There are several factors affecting the performance of the proposed scheme such as the duty factor, the particle flow rate, the distance between acoustic source and the moving target, the focal distance, and the trapping force. In order to measure the threshold values of the aforementioned factors, additional experiments were conducted and each factor was changed maintaining other experimental parameters constant. Under the current experimental setup, the trapping force was 0.3 nN to 5.2 nN as a function of duty factor. In order to measure the trapping force in the flowing channel, the trapping force was assumed to be identical to the drag force calculated by increasing the flow rate while the transducer trapped the particle. The maximum distance to trap the moving particles was approximately 237 μm at sheath flow rate of 0.5 μl/min. The trapped particle was followed the moving transducer with 136 μm/s of velocity. Although the speed of moving transducer was not changed due to equipment limitation, it may be another factor that affects trapping performance, i.e., if its speed is too fast, the trapped particle will be released during the motion of the transducer. A compromise between the amplitude of pressure and duty factor might be needed given that possible mechanical and thermal effects might have to be considered. In order to obtain desired results, careful selection of the aforementioned factors is needed. Additionally, they will affect the design configuration of the microchannel device.

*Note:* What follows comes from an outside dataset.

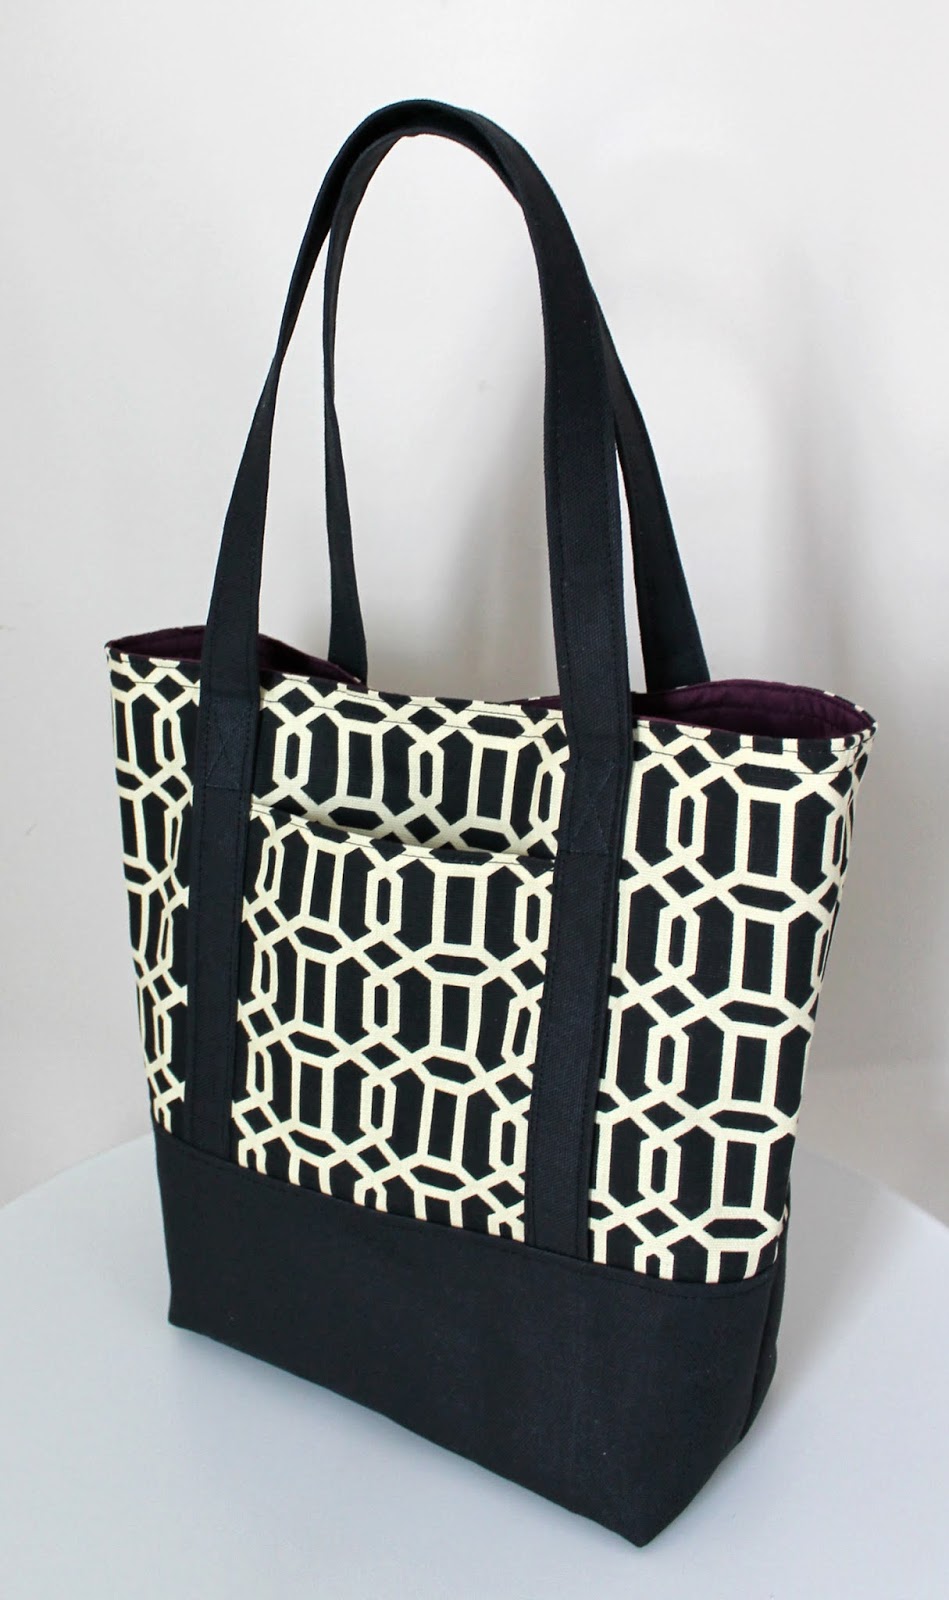 10 Tote Bags to Sew for Summer! - Simple Simon and Company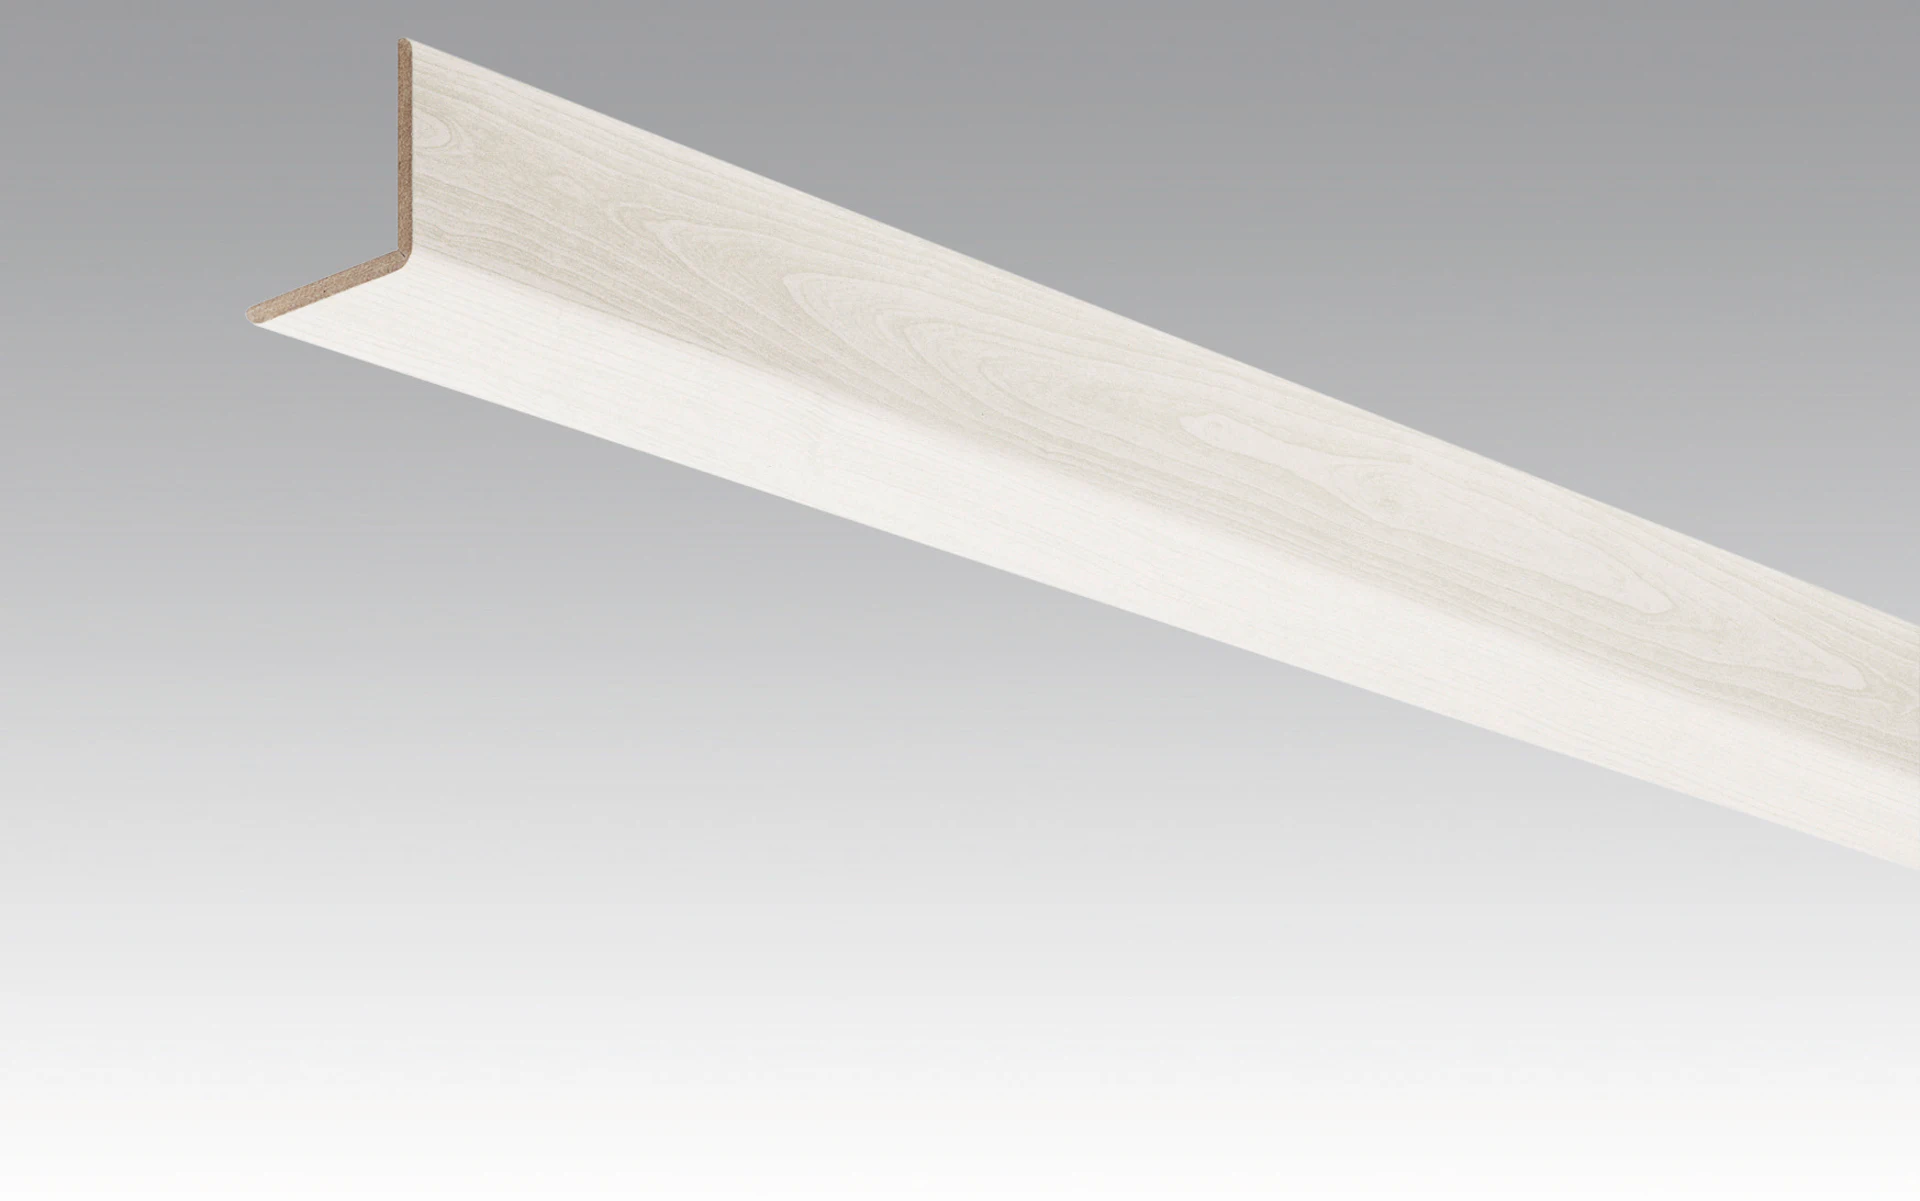 MEISTER Skirting Boards Angle Skirting Trentino Maple 328 - 2380 x 33 x 3.5 mm (200035-2380-00328)

Although the proposed scheme may have low throughput comparing to standing wave method, these preliminary experimental results suggested that a single acoustic beam generated by a high frequency transducer may be used for the development of ultrasound-based flow cytometers or similar cell sorting devices. In the future, the fabrication of very high frequency transducer (>200 MHz) capable of operating at higher power will be pursued to manipulate smaller cells such as prokaryotic cells with a size of a few micrometers.